> **Aim of the exercise**
Report every line below that carries the word "with".
*** Study material Section Begins ***
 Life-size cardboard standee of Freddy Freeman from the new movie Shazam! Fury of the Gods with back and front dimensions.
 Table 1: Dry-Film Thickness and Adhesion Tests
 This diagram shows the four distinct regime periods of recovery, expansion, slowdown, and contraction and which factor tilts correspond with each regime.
*** Study material Section Ends ***
*** Study material Section Begins ***
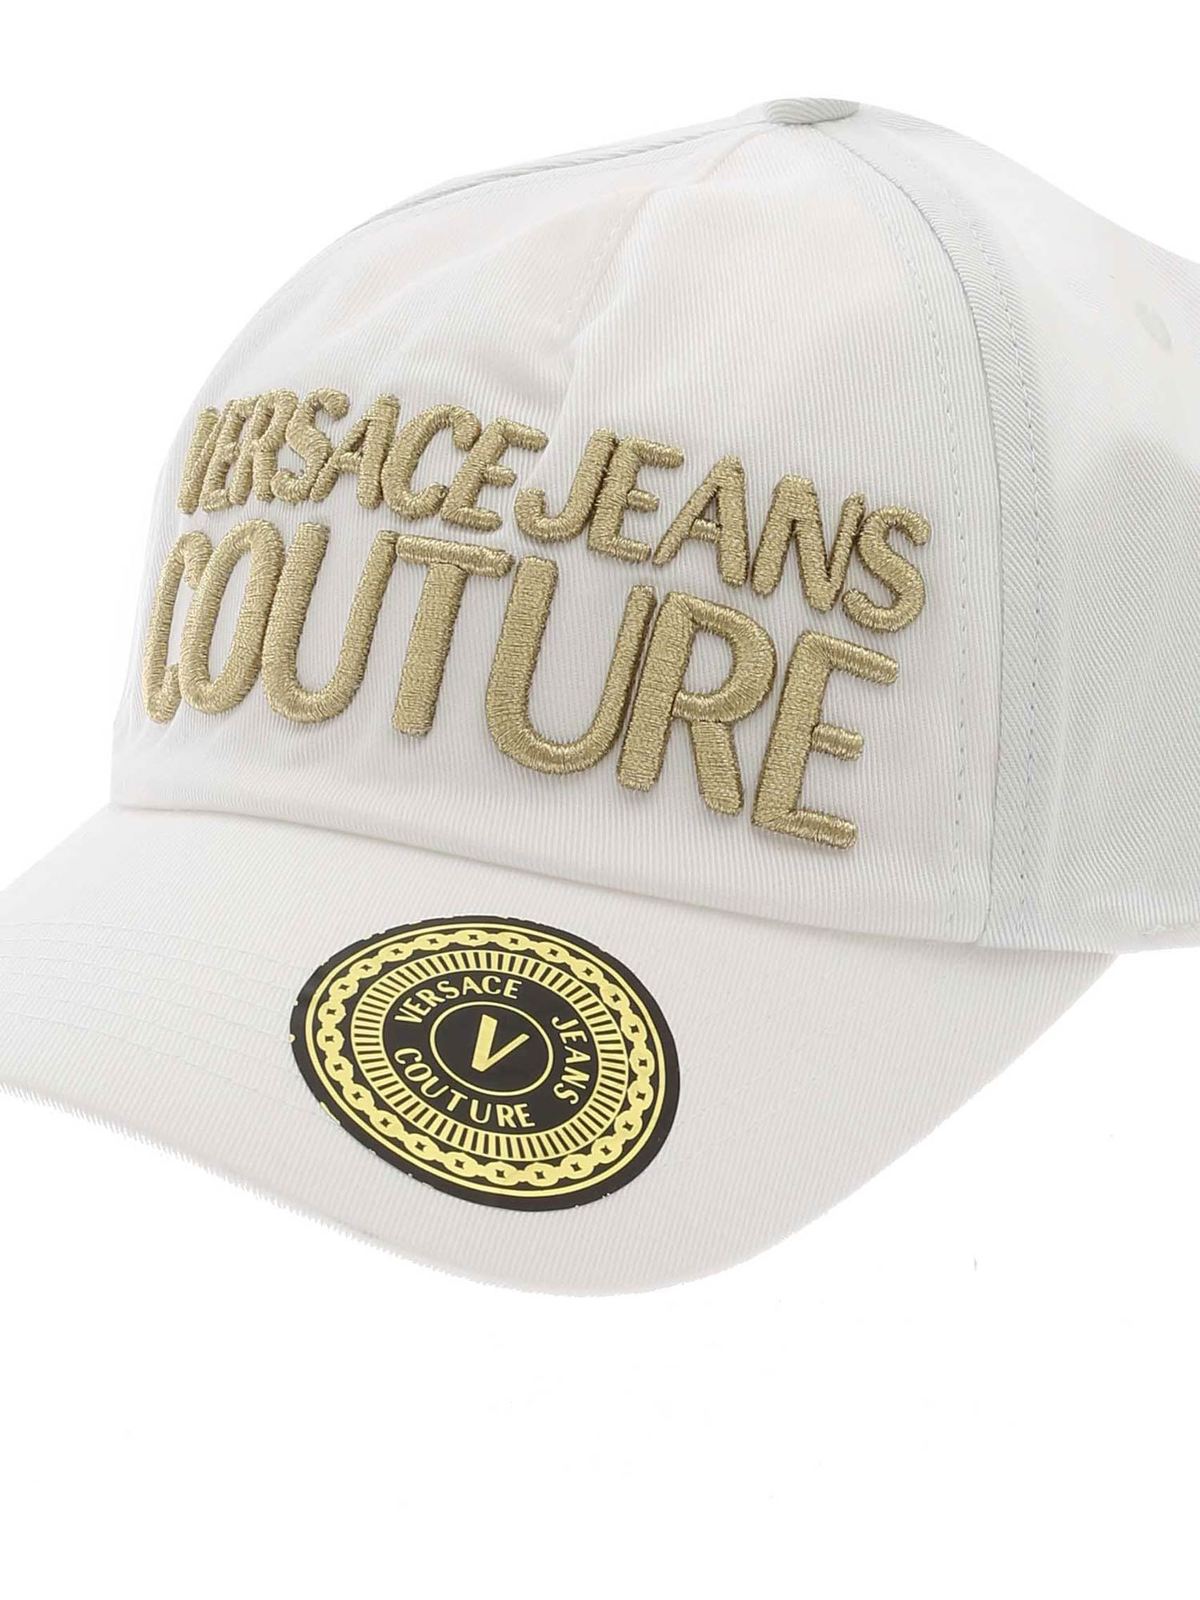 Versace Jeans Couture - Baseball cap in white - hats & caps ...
*** Study material Section Ends ***
> **Response area**
 Life-size cardboard standee of Freddy Freeman from the new movie Shazam! Fury of the Gods with back and front dimensions.
 This diagram shows the four distinct regime periods of recovery, expansion, slowdown, and contraction and which factor tilts correspond with each regime.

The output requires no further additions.